Deep Learning vs. Machine Learning: What's the Difference?
Deep learning is a specialized subset of machine learning. Machine learning is any system that learns patterns from data; deep learning is the branch that uses large, multi-layered neural networks to learn complex patterns — and it powers most modern AI breakthroughs.
See the difference, explained visually.
Watch a 2-minute animated lesson comparing deep learning and machine learning.
At a glance
| Deep Learning | Machine Learning | |
|---|---|---|
| Relationship | A subset of machine learning | The broader field |
| Method | Many-layered neural networks | Many techniques, including deep learning |
| Data needs | Usually large datasets | Can work with smaller data |
| Features | Learns them automatically | Often needs hand-picked features |
| Powers | Image, speech, and language models | Spam filters, recommendations, forecasting |
Which should you use?
Deep Learning
Deep learning shines on complex, high-dimensional data — images, audio, language — given enough data and compute.
Machine Learning
Classic machine learning is often better for smaller datasets or simpler, structured problems, and is cheaper to run.
Frequently asked questions
- Is deep learning the same as machine learning?
- No — deep learning is a subset.

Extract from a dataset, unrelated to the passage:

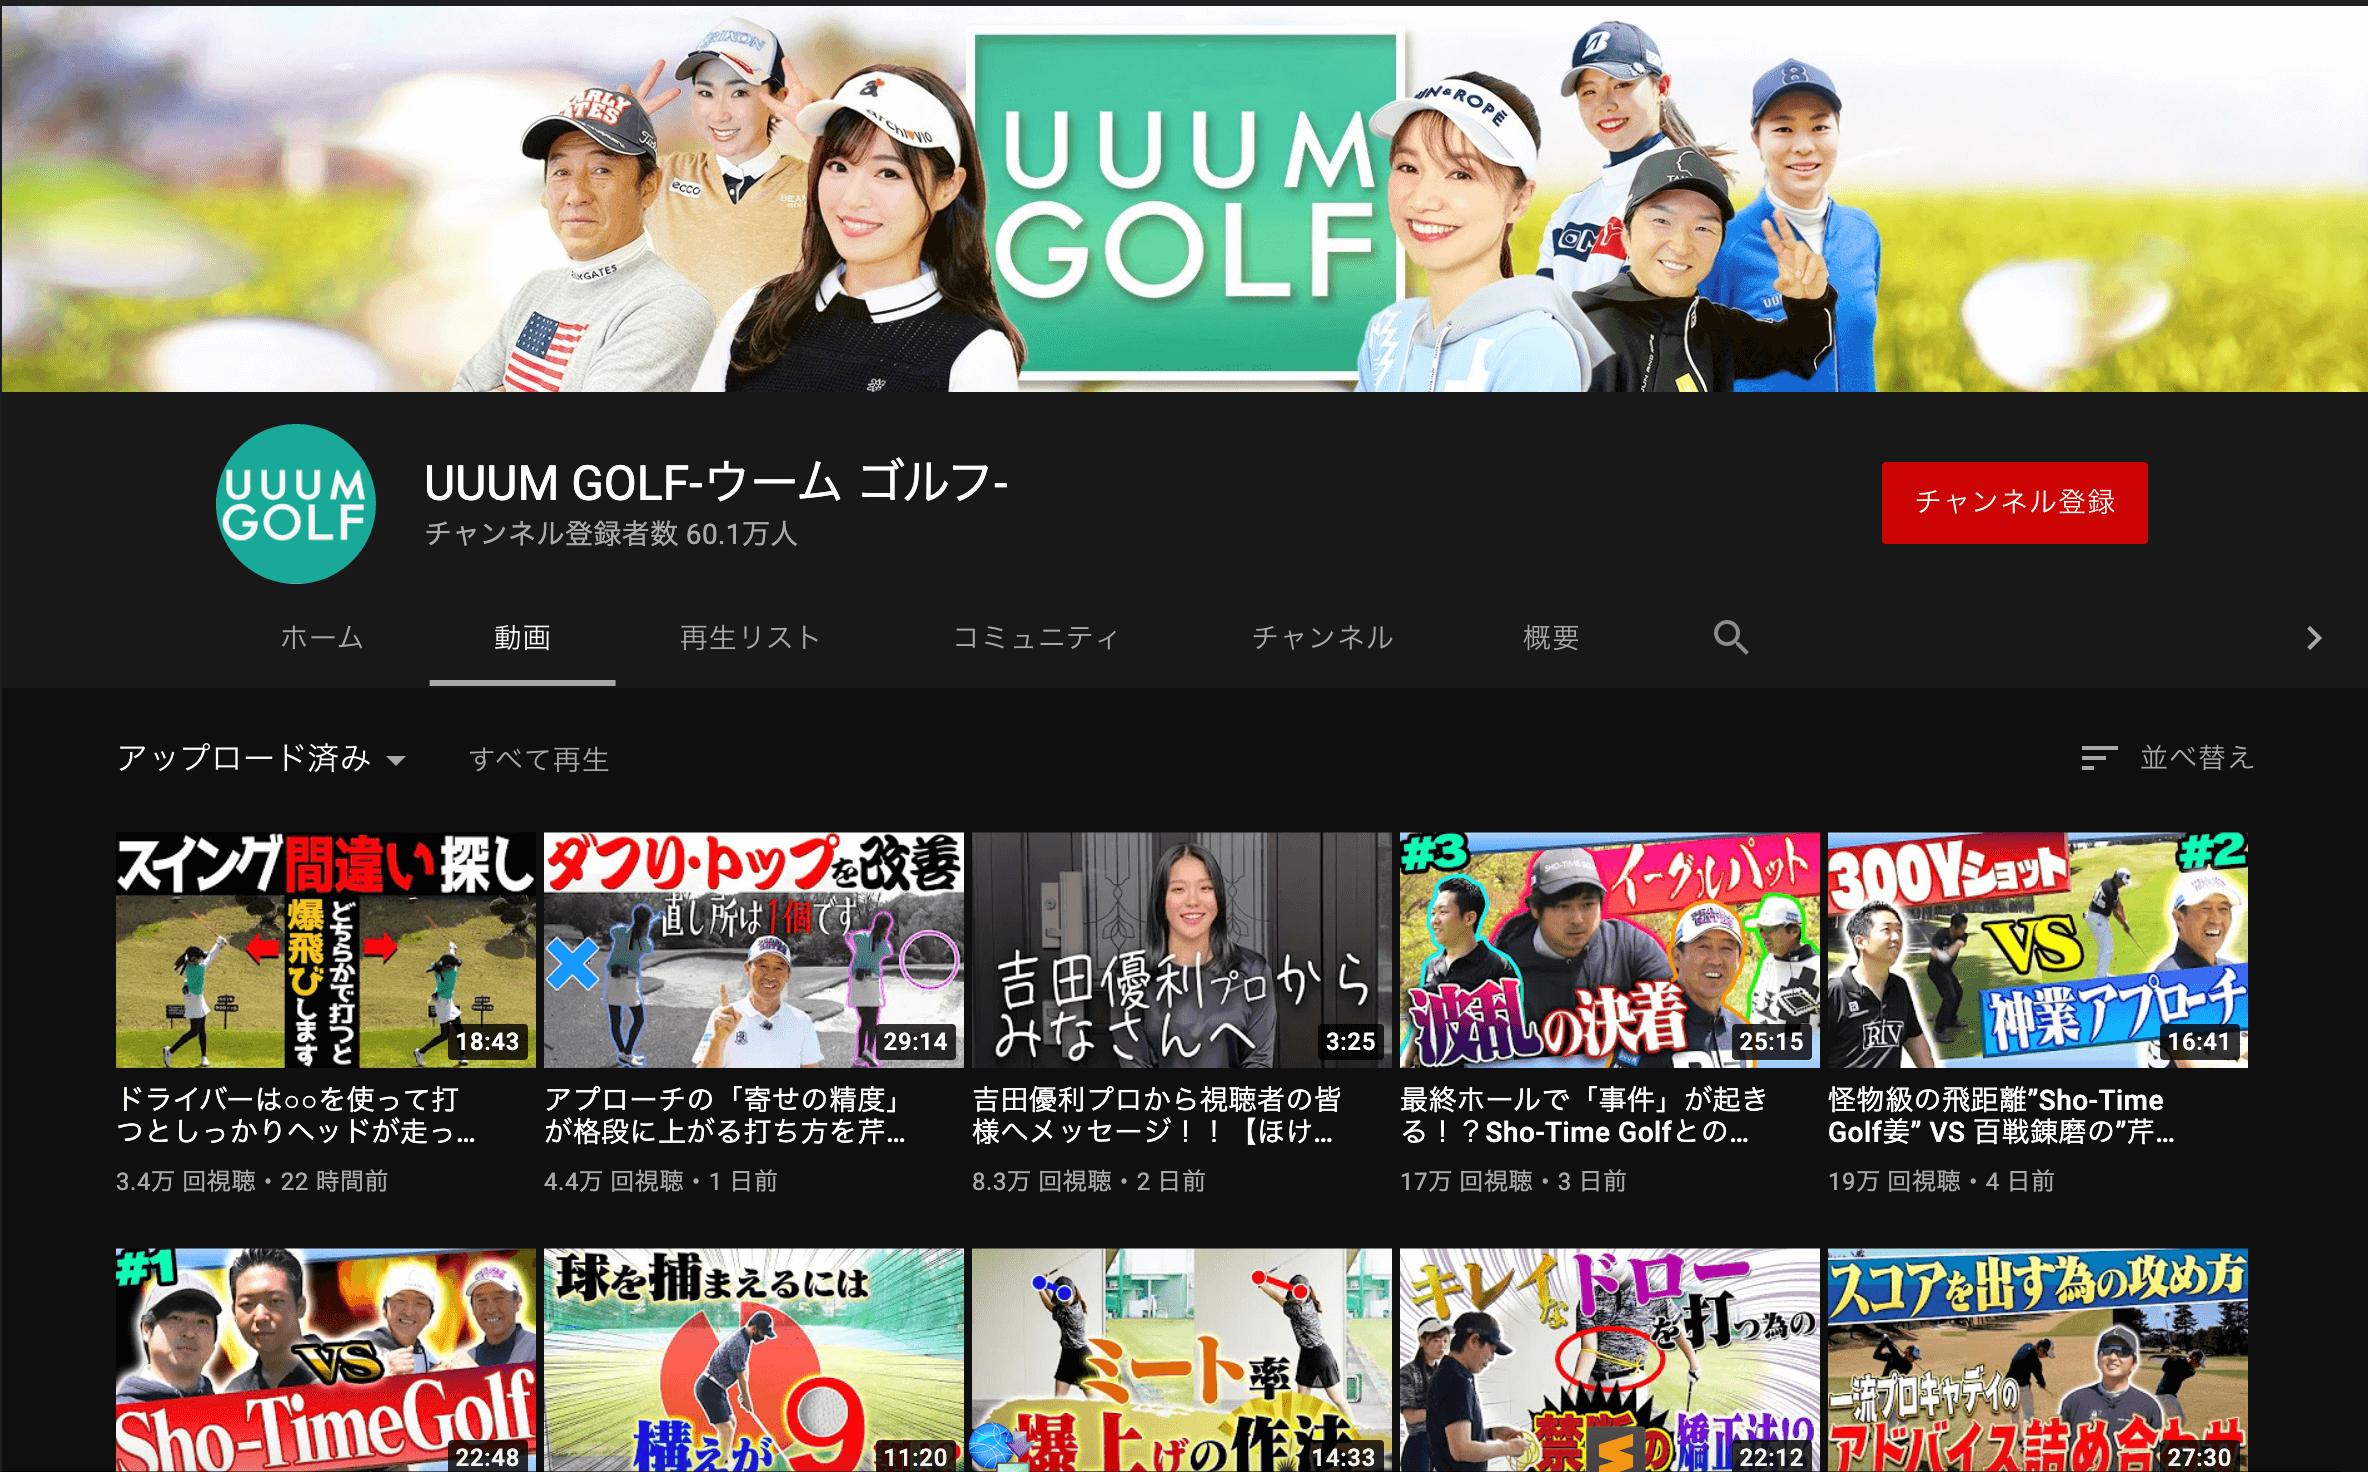 youtube_golf_uuumgolf

All deep learning is machine learning, but machine learning also includes many simpler methods that don't use deep neural networks.
- When is deep learning overkill?
- For small datasets or simple, structured problems, classic machine learning is often faster, cheaper, and just as accurate — deep learning's edge shows with lots of complex data.
- How do they relate to AI?
- AI is the broadest term; machine learning is one approach to AI; deep learning is one approach to machine learning. Each is nested inside the last.